First-principles studies on the electronic and contact properties of monolayer Ga2STe-metal contacts.

Monolayer (ML) Janus III-VI compounds have attracted the use of multiple competitive platforms for future-generation functional electronics, including non-volatile memories, field effect transistors, and sensors. In this work, the electronic and interfacial properties of ML Ga2STe-metal (Au, Ag, Cu, and Al) contacts are systematically investigated using first-principles calculations combined with the non-equilibrium Green's function method. The ML Ga2STe-Au/Ag/Al contacts exhibit weak electronic orbital hybridization at the interface, while the ML Ga2STe-Cu contact exhibits strong electronic orbital hybridization. The Te surface is more conducive to electron injection than the S surface in ML Ga2STe-metal contact.
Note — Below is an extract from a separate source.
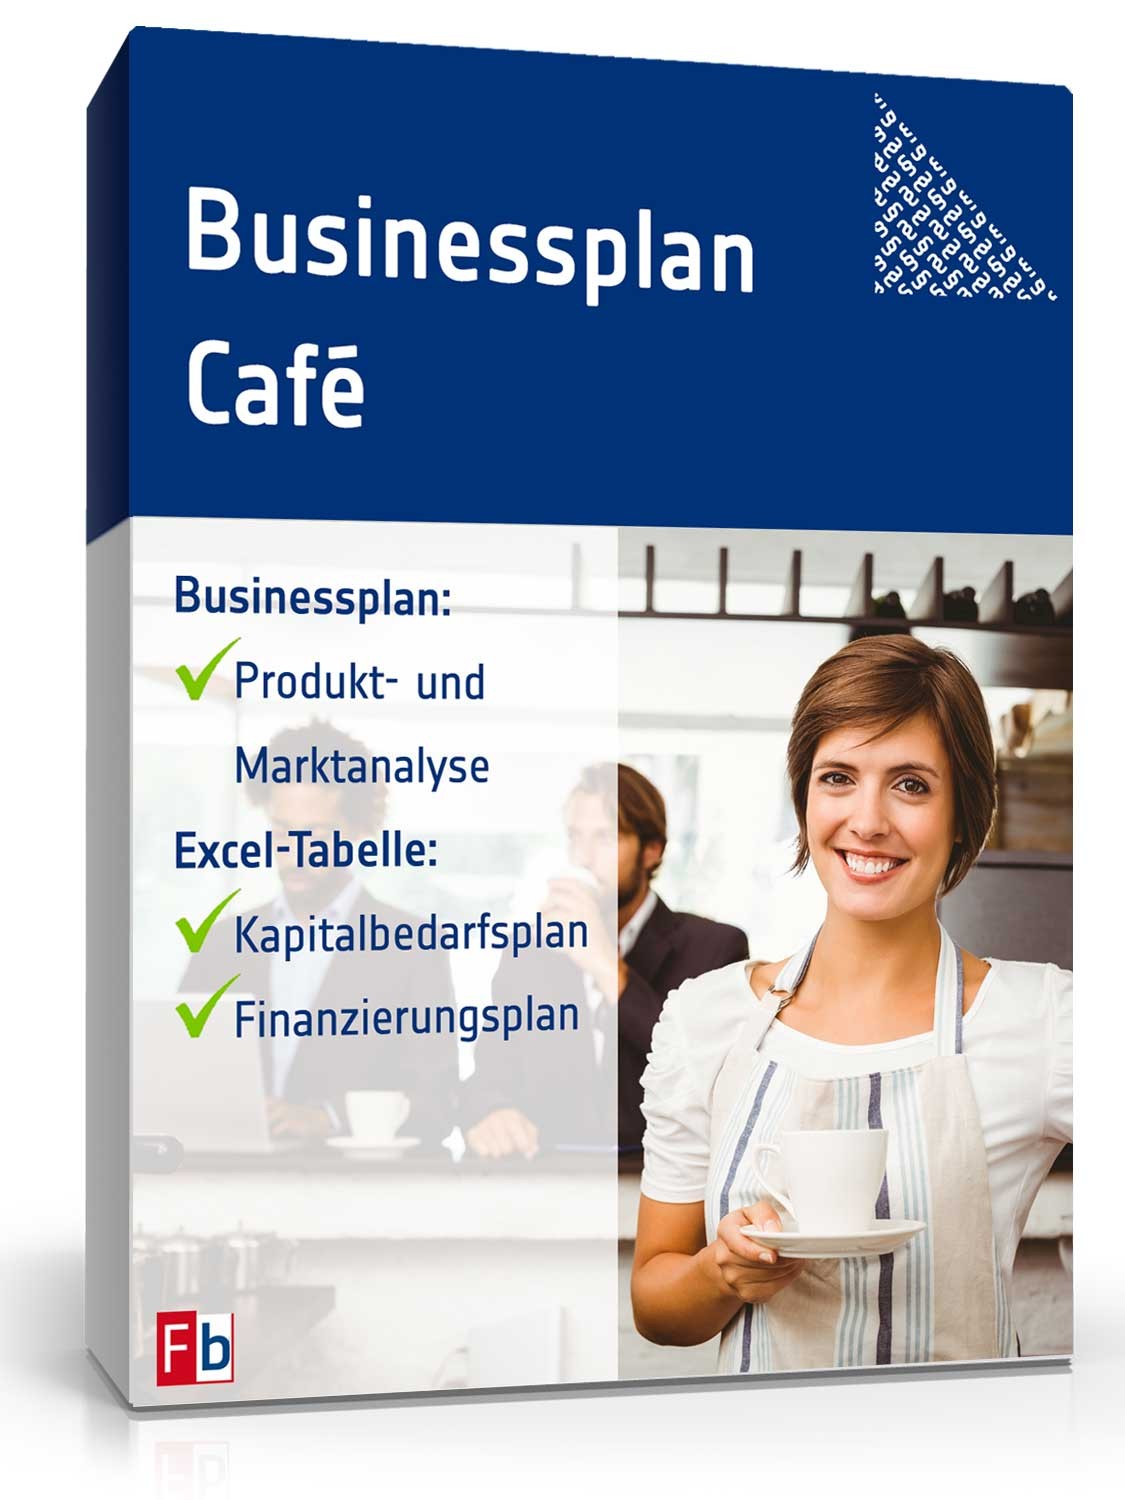 Hauptbild des Produkts: Businessplan Café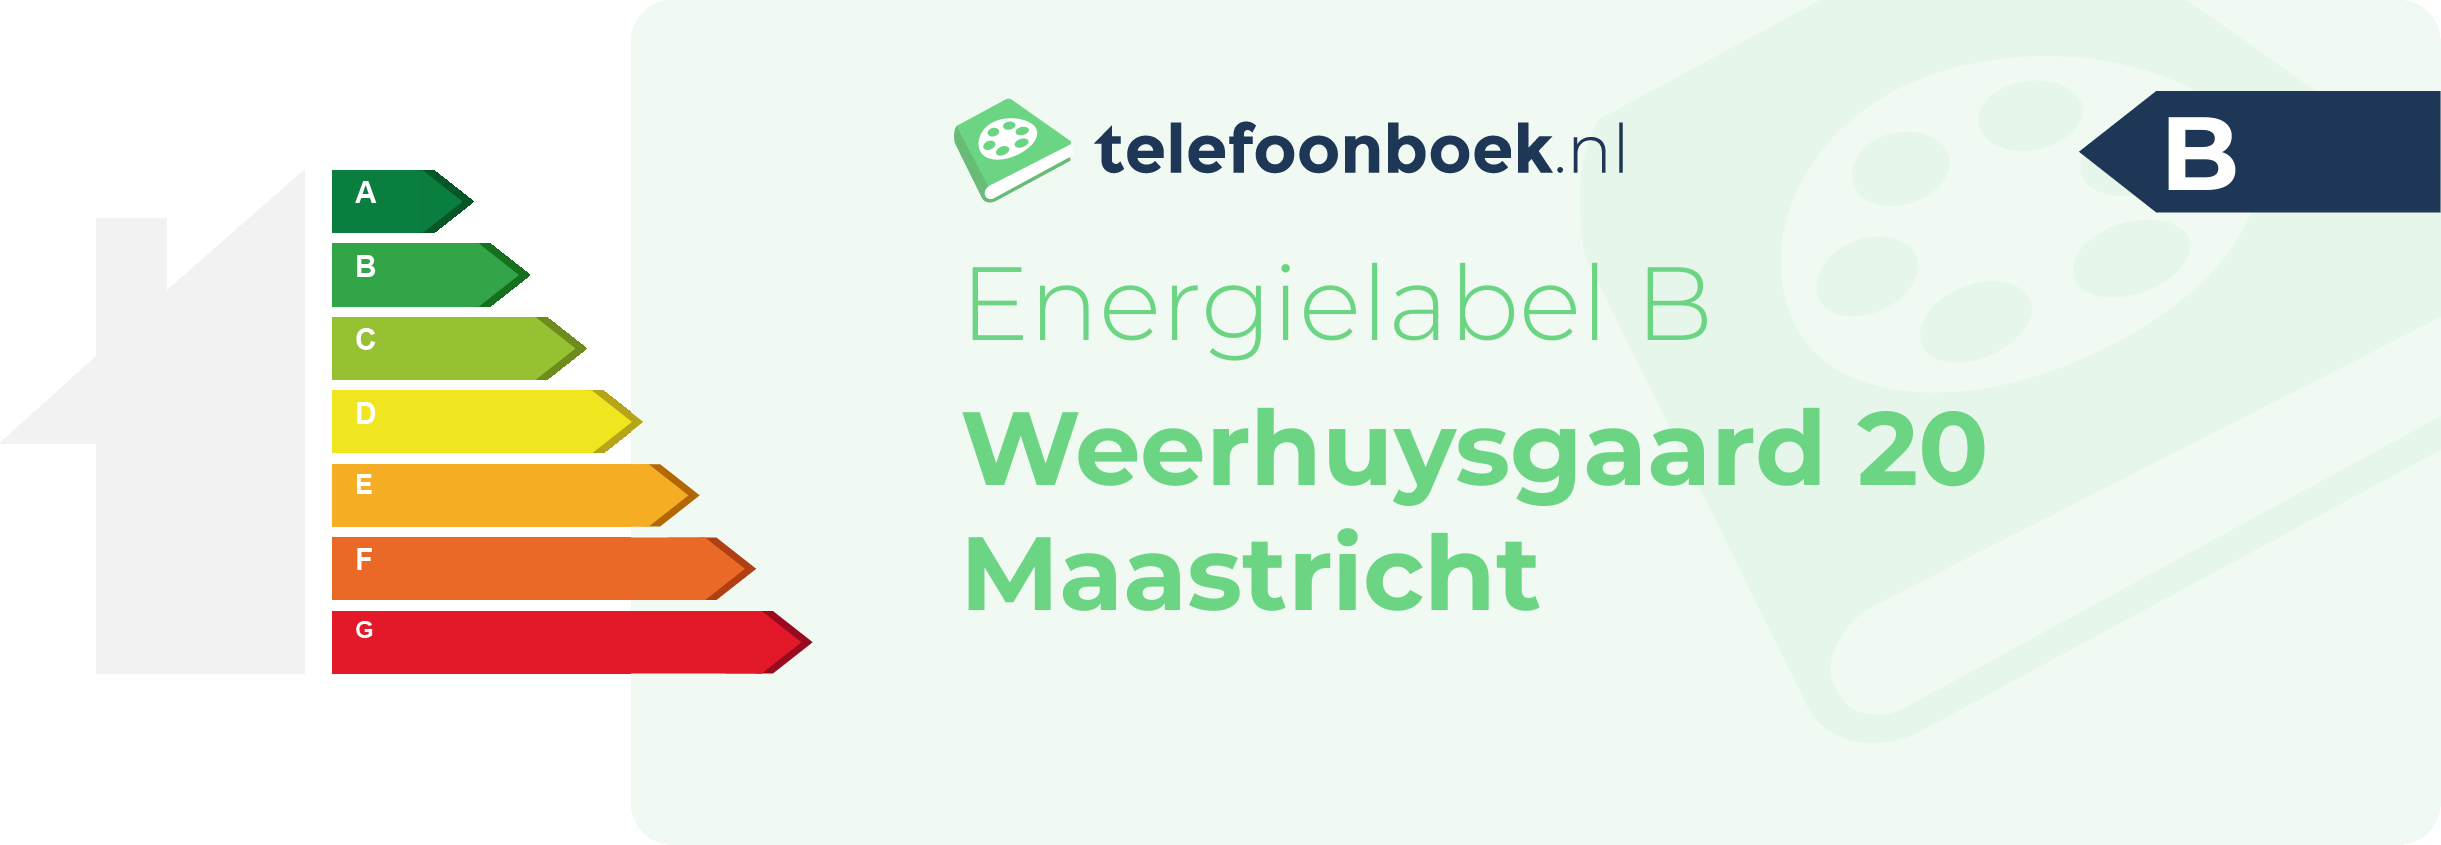 Energielabel Weerhuysgaard 20 Maastricht

Quantum transport calculations revealed that when the Te side of the ML Ga2STe is in contact with Au, Ag and Cu electrodes, p-type Schottky contacts are formed. When in contact with the Al electrode, an n-type Schottky contact is formed with an electron SBH of 0.079 eV. When the S side of ML Ga2STe is in contact with Au and Al electrodes, p-type Schottky contacts are formed, and when it is in contact with Ag and Cu electrodes, n-type Schottky contacts are formed. Our study will guide the selection of appropriate metal electrodes for constructing ML Ga2STe devices.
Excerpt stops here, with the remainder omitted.